Once the baggage has been sorted, one can lay the foundation for building a healthy relationship. Blame, regret or guilt will keep you locked up. However, talking about your regrets to your partner and making the right choices for the future is essential.

How do I deal with my fear of marriage?

Dear Kitoto,

I believe I should be somewhat excited and pressured to settle down as I am 27 years old and in a stable relationship through a long-distance one. I anticipate being married in three to four years, but the thought of marriage scares me to death; every time I think of it, my stomach turns. I do not understand why. Nobody is pressuring me that settle down. My boyfriend is very much okay with the three years. But I am so scared.

Would you please advise accordingly? I will greatly appreciate if you reach out to me with your advice.

Thank you.

Hi,

Any kind of transition in life is scary, whether you are well or ill-prepared for it. Of course, it does matter how one prepares themselves for such a transition. Somehow preparation will help deal with those unanswered questions.

 In addition, life examples of others who have made such transitions in the past can be helpful to give you tips on the dos and don’ts. Anxiety and soon some level of fear has a way of later catching upon us. So, the scary feeling you have is part of the pains of transition.

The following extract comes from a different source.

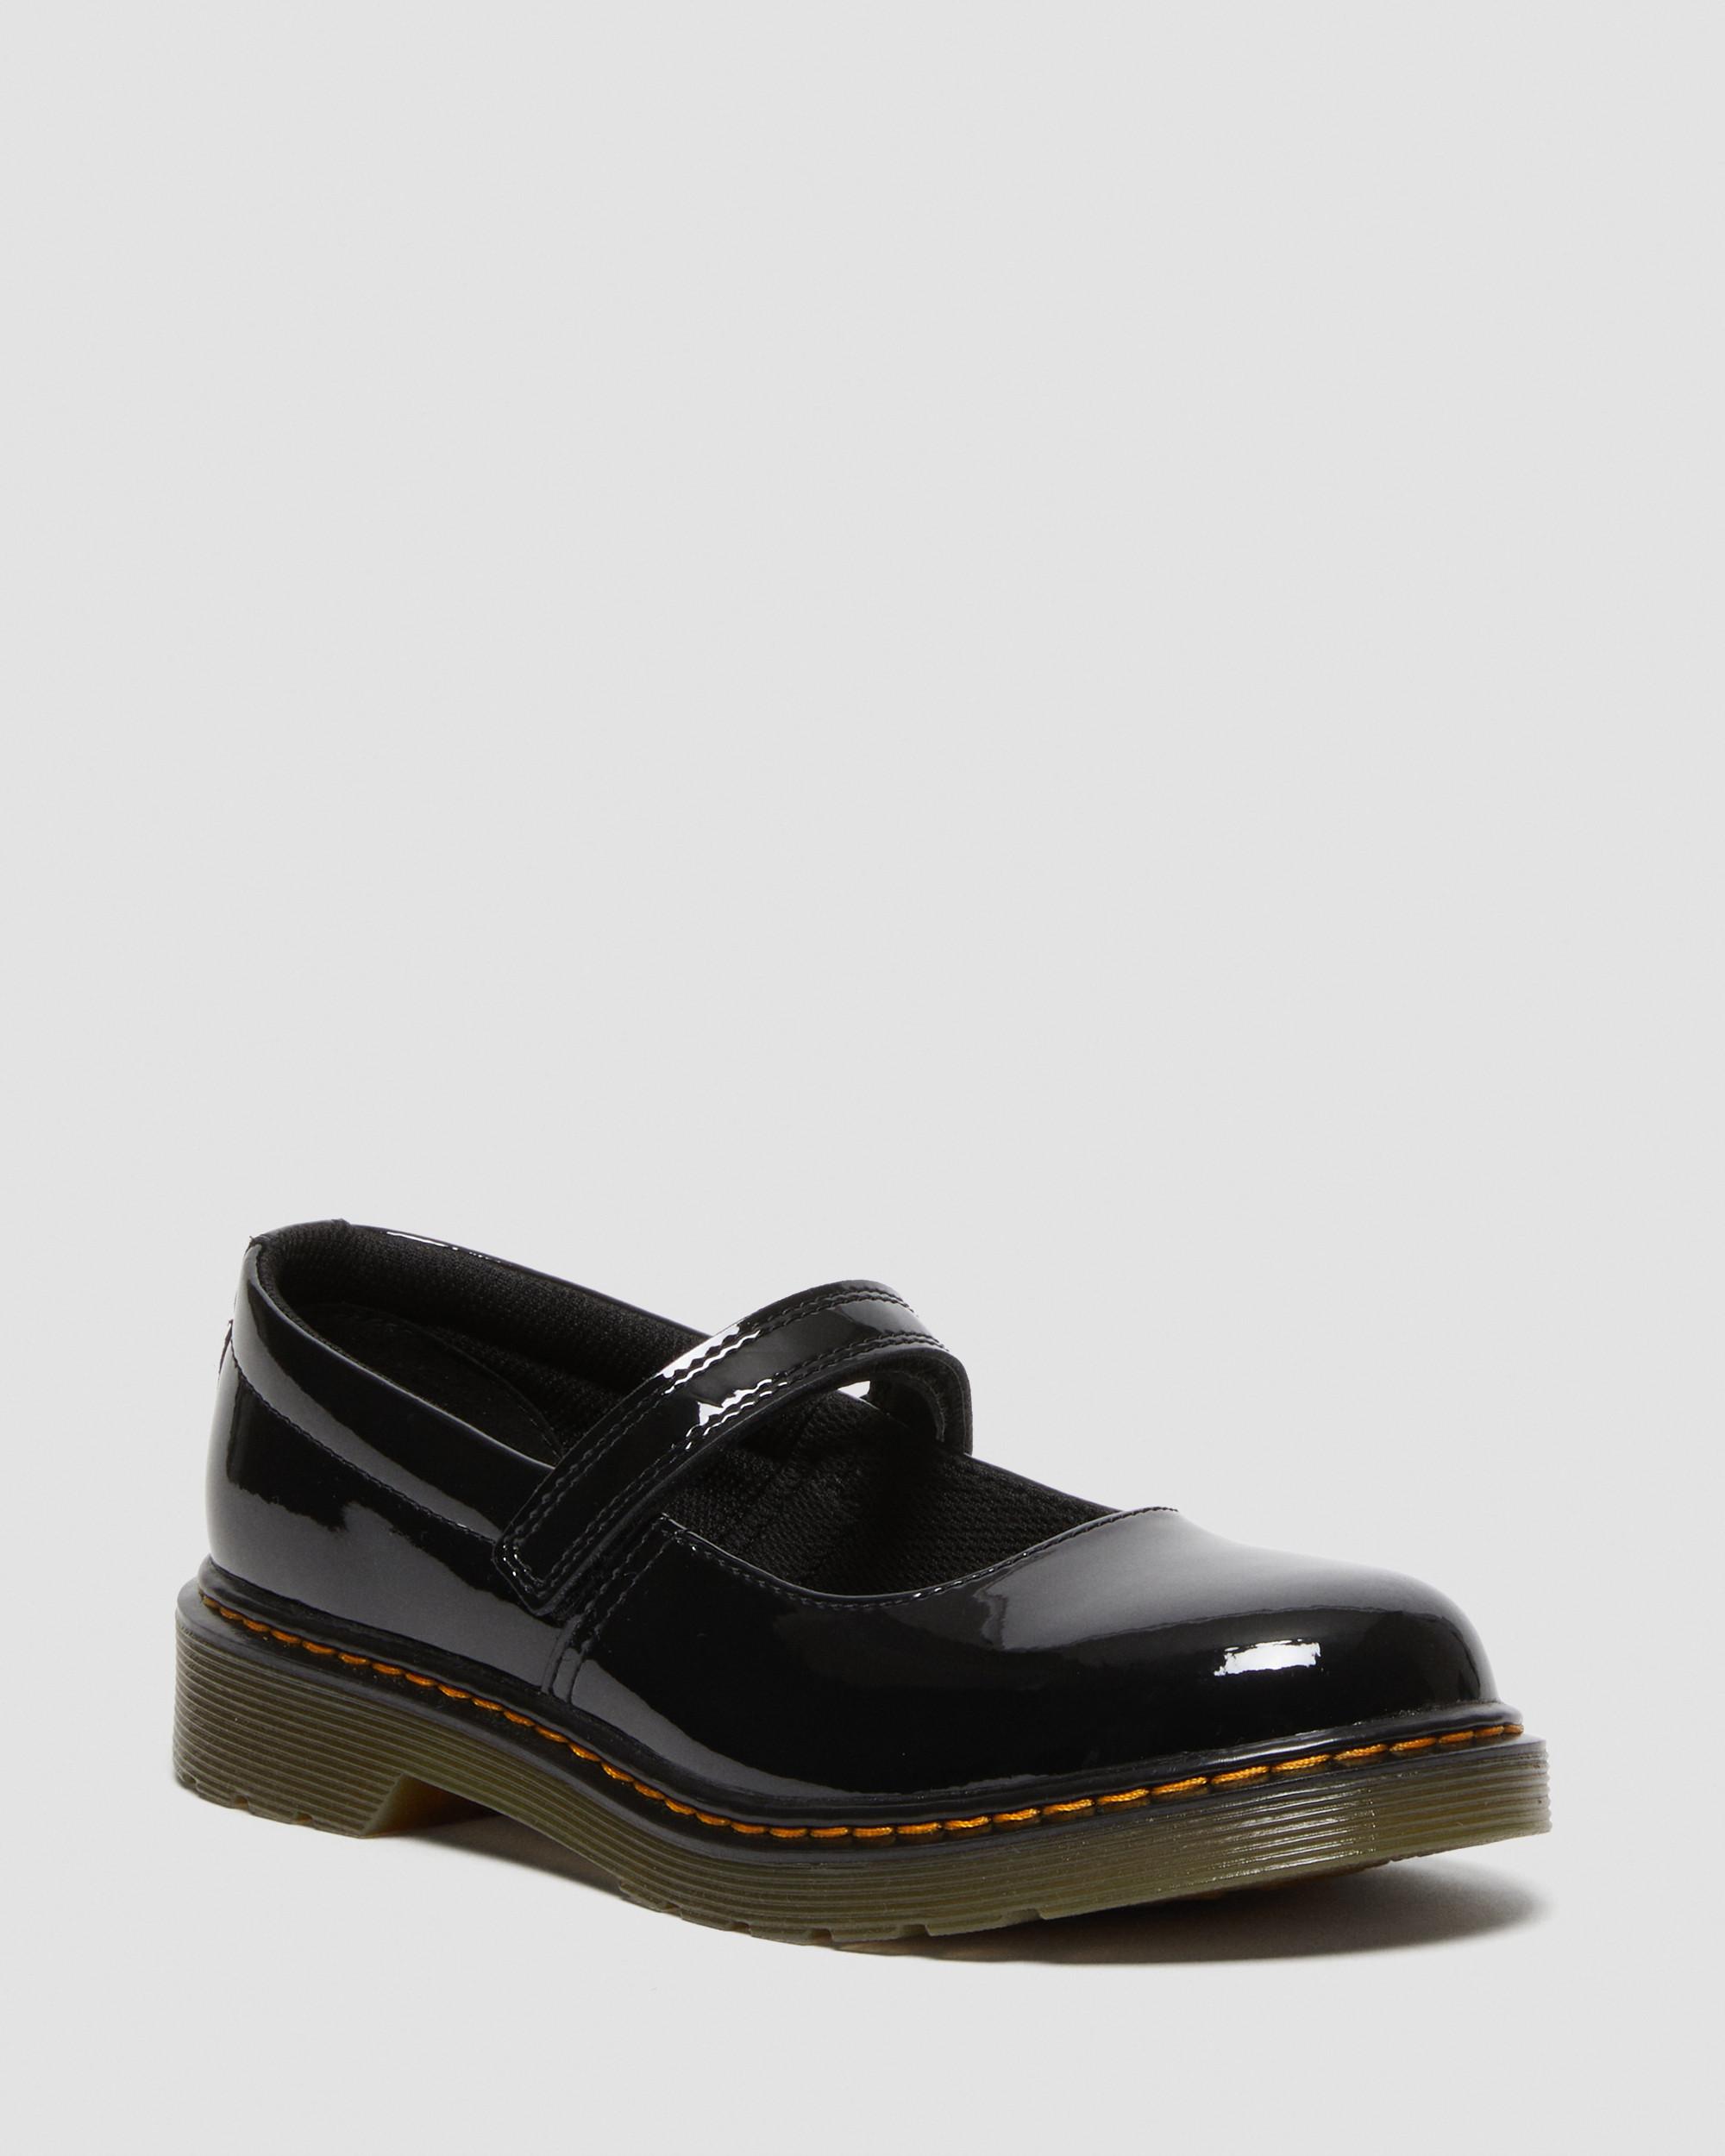 Youth Maccy Patent Leather Mary Jane Shoes
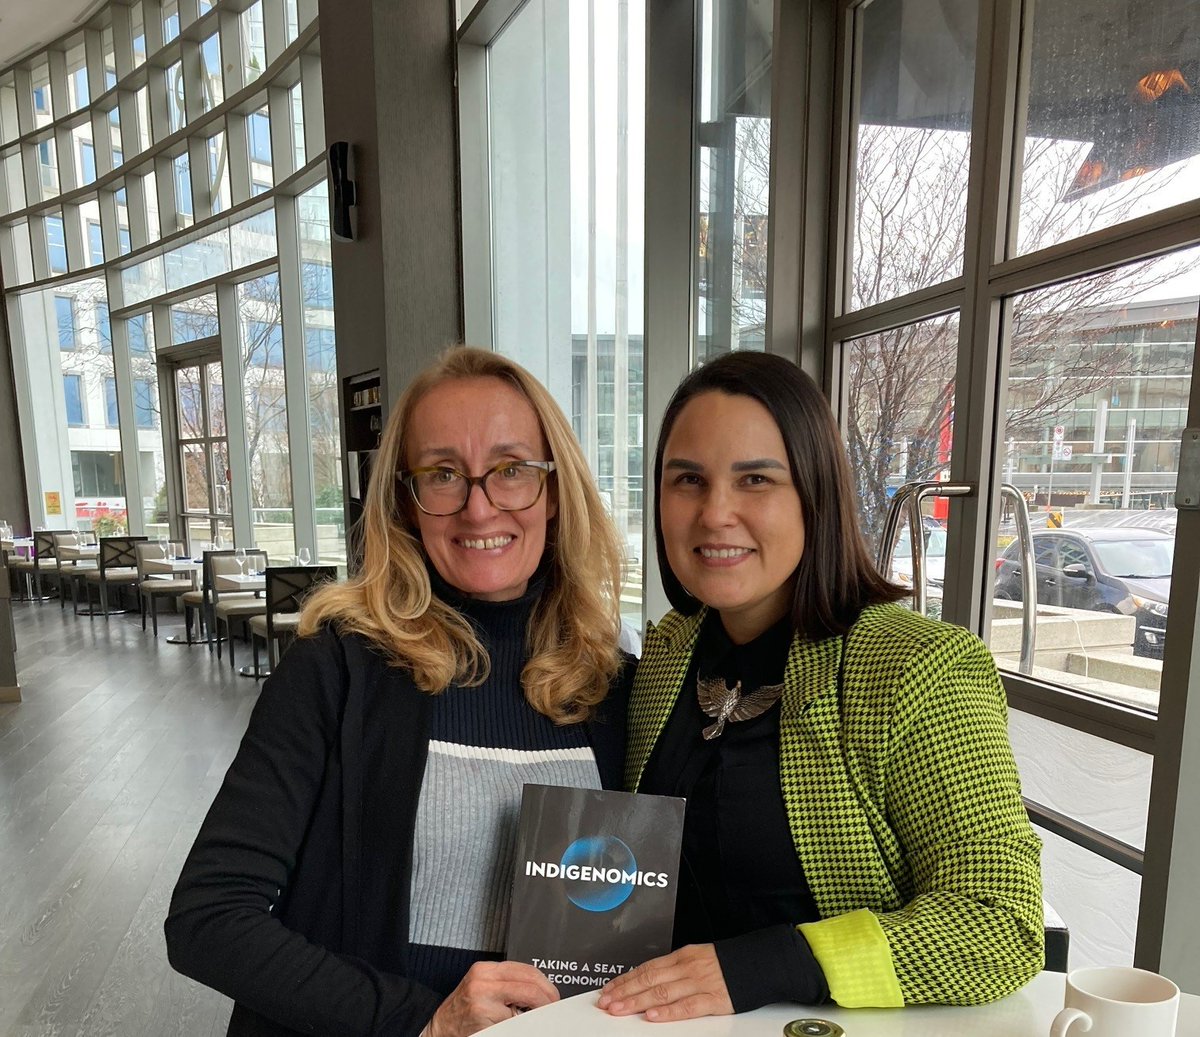 @Hesquiaht and I met in Vancouver to discuss OECD's new work programme on trade and Indigenous Peoples and potential for future collaboration. Some good groundwork has been laid by Carol Anne and others but much remains to be done! #indigenomics

Let me know attempt to deal with some basic fears and scary feelings that come as one thinks about marriage: First is the thought of losing one’s independence. Taking the journey towards the day of saying the words “I do” can be terrifying for some people.

 This can happen before the wedding or just after the question for engagement is displayed. Losing one’s independence could involve emotional and financial independence. The thought of losing control or being in charge is scary.

Second, the idea of wrong modelling could have impacted us during our growing up or through stories or materials we have interacted with. Pictures of what we read concerning bad marriages or what we saw as we grew up can remain embedded in one’s mind for a long time. When such memories are triggered, their fears are aroused.

Thirdly is the fear of the unknown. Everything we do in life is about faith. We walk, sleep and walk up by faith—although we do not even think about it. Covid-19 has taught us that there are no guarantees in life. A virus brought the world to a standstill. When everything looked so promising, this virus came.

However, we keep moving, innovating and hoping for better days. Walking into a relationship also calls for a measure of faith. However, this does not negate the need for preparation and the use of relational and emotional intelligence. Sometimes our fears could come from our cold feet, while other times, there is a need to listen to our intuition. Do we love the guy and see ourselves grow old with them?

How compatible are we? In the end, when you have done your homework well, and there is nothing else to worry about, don’t allow your fear to deny you of your future.